Do not force or get forced into the conversation
While timing is very important you both need to be on the same page for it to work. Maybe you or your partner is not ready to settle down and needs a little more time before making such a big decision. There is absolutely nothing wrong with this. If either of you is hesitant, then you should have time to get your head in the game.
There is no right or wrong status
There is a common misconception that DTR talks should always lead to committed and exclusive relationships. The truth is that you can brand your relationship whatever your heart desires. Whether you want to be friends with benefits or in a polyamorous arrangement, all that matters is that you both agree.
Consider not only your needs but also your partner’s
This conversation gives you a chance to voice your needs. However, do not be so focused on what you want that you forget your partner’s needs. If for some reasons they do not align, you may want to consider a healthy compromise.
Be open and vulnerable
The conversation is likely to seem very formal and awkward at first. However, do not let this hinder you from opening up. Let your partner know exactly how you feel about them and the relationship.
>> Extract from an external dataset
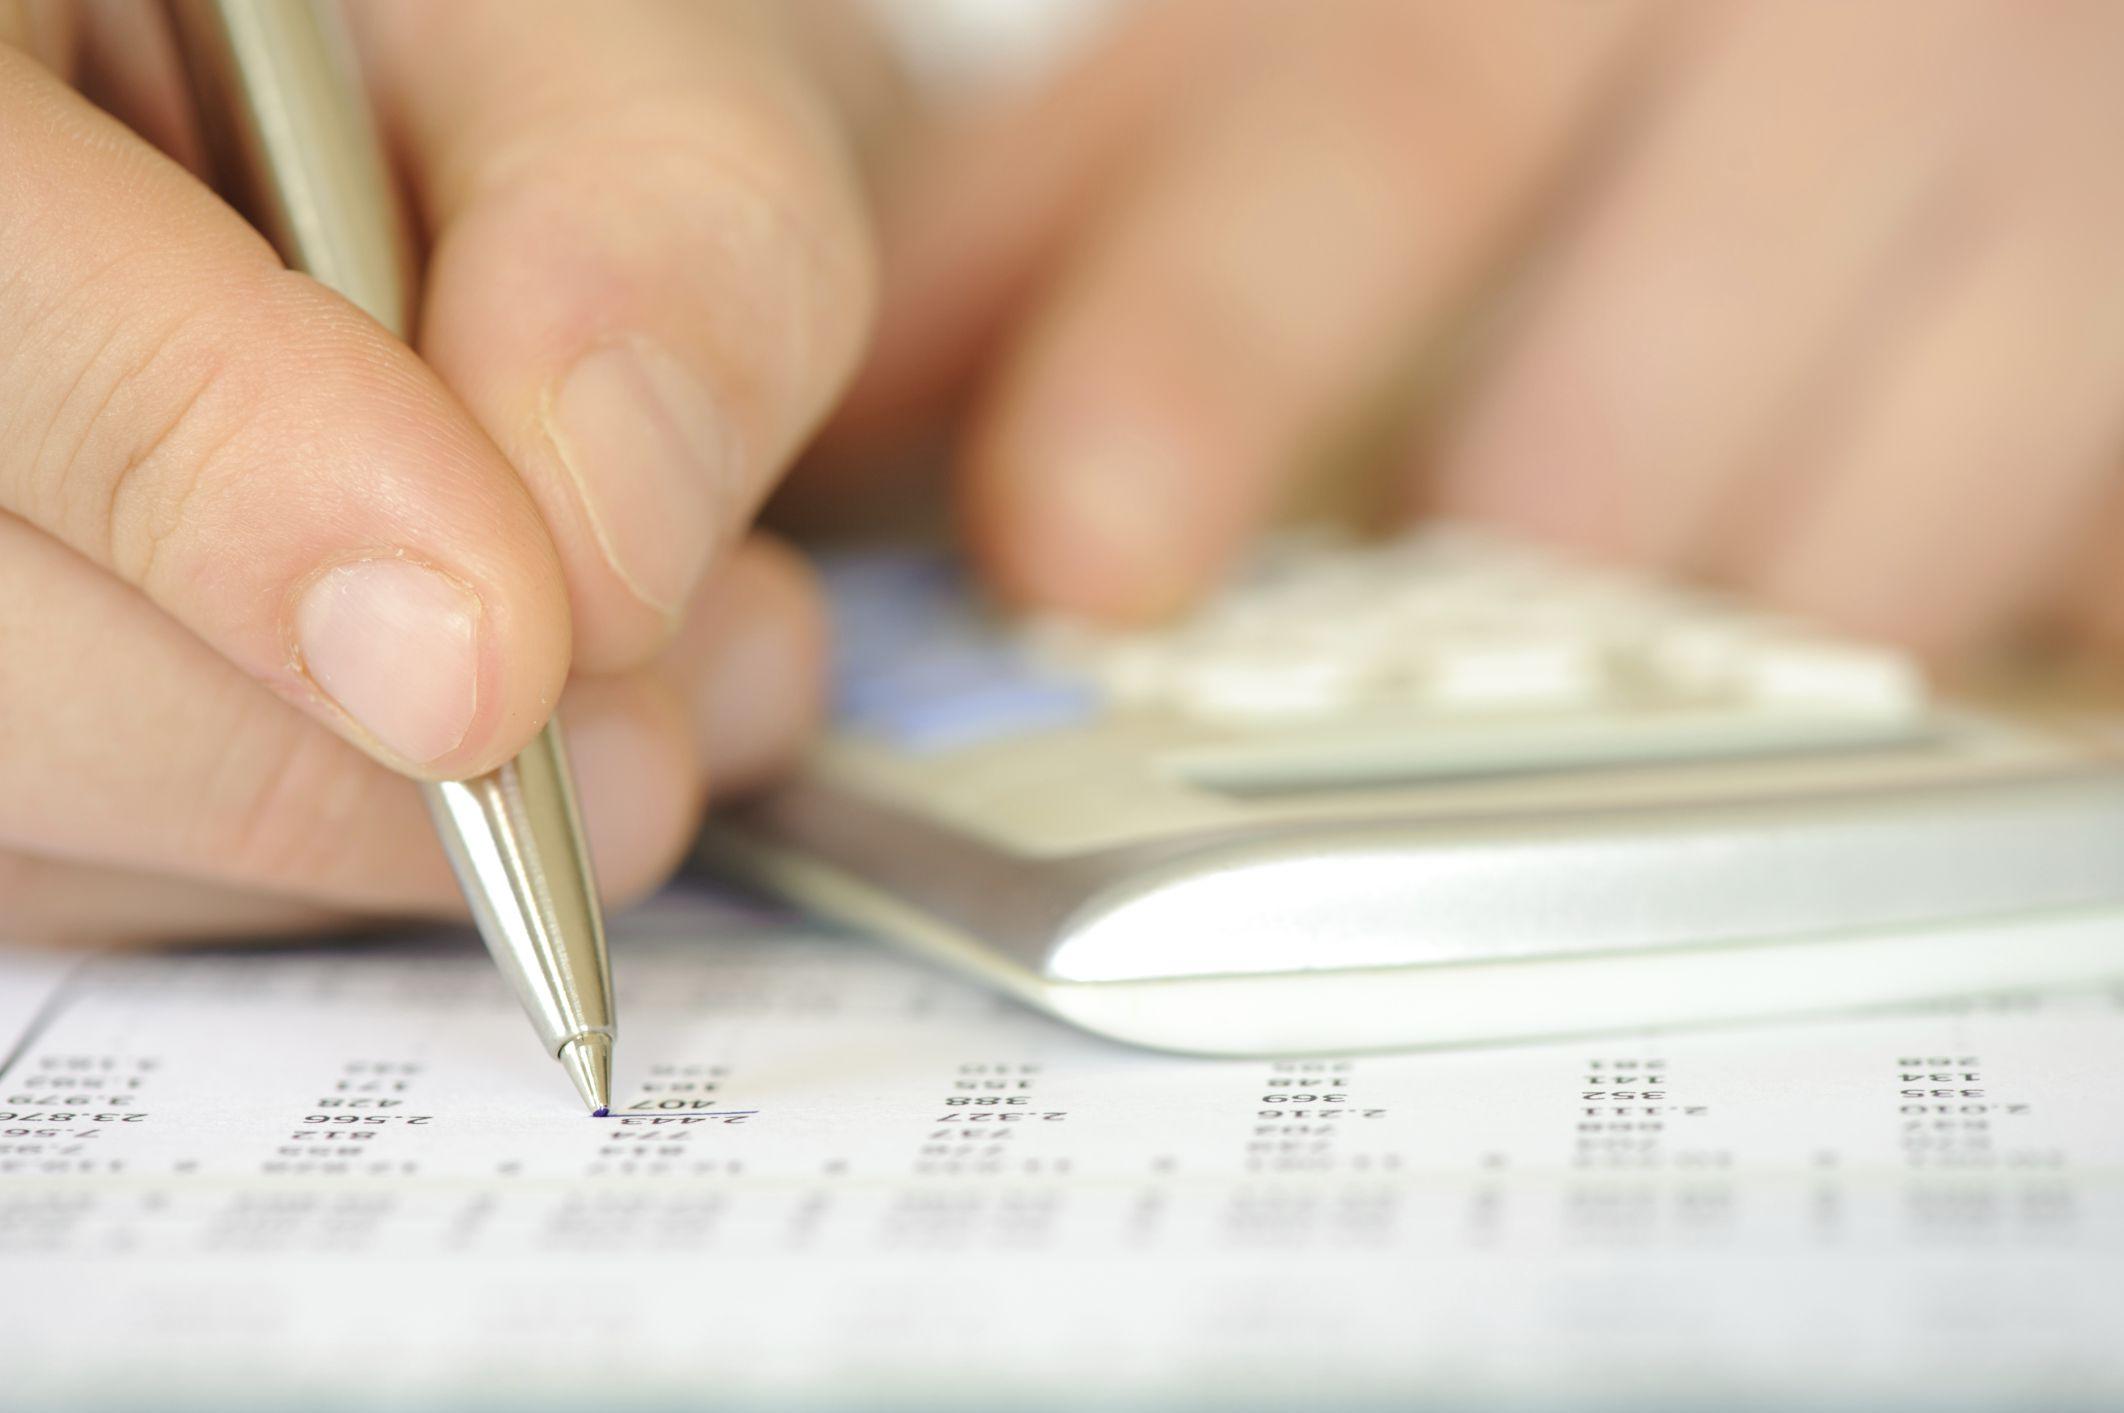 worksheet Maryland Child Support Worksheet nebraska child support calculator worksheets tips how to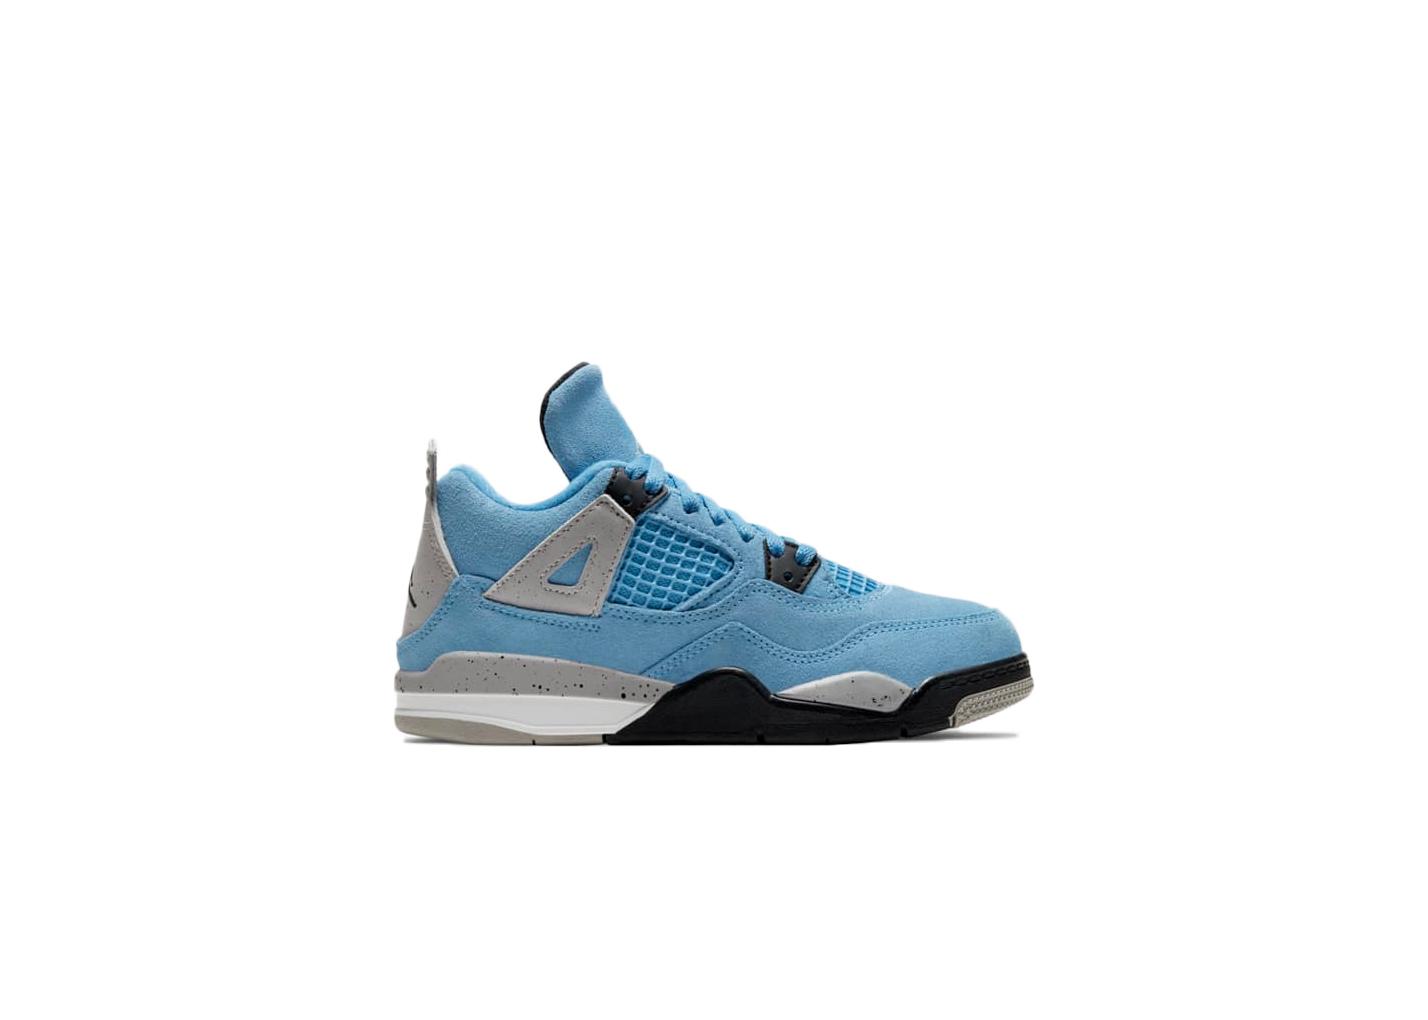 Jordan 4 Retro University Blue (PS)

This vulnerability is very important for a successful DTR talk.
Make it an open conversation and not a Q&A
One of the biggest mistakes you can make when handling this conversation is treating it like a question and answer session. Questions are of course inevitable, but they shouldn’t take up the bulk of the communication. So stick to the “I feel…” and “what do you think…” formats, and you should be good.
Include your hard limits and non-negotiables
Most people focus only on their needs and expectations while having the ‘define the relationship’ conversation and completely ignore hard limits. Later on, these issues that you failed to mention start to crop up and could spell doom for your relationship. Instead of exposing yourself to the risk of being caught off guard, make sure to express what you are not willing to put up within the relationship.
You need to conclude on the same page
Every DTR conversation needs to end with a definitive description of where the relationship stands. If someone random stopped and asked you what you are after you would have a one statement answer and “It’s complicated” is not it. If you are not on the same page about things like expectations, you may have to take a break and figure things out separately.
The DTR talk is one that you should have during your interactions with your significant other. It is the perfect way to increase the chances of getting what you want from the relationship. So do not shy away from it. It might seem a little awkward at first, but you will feel a lot more settled and at peace when you have it.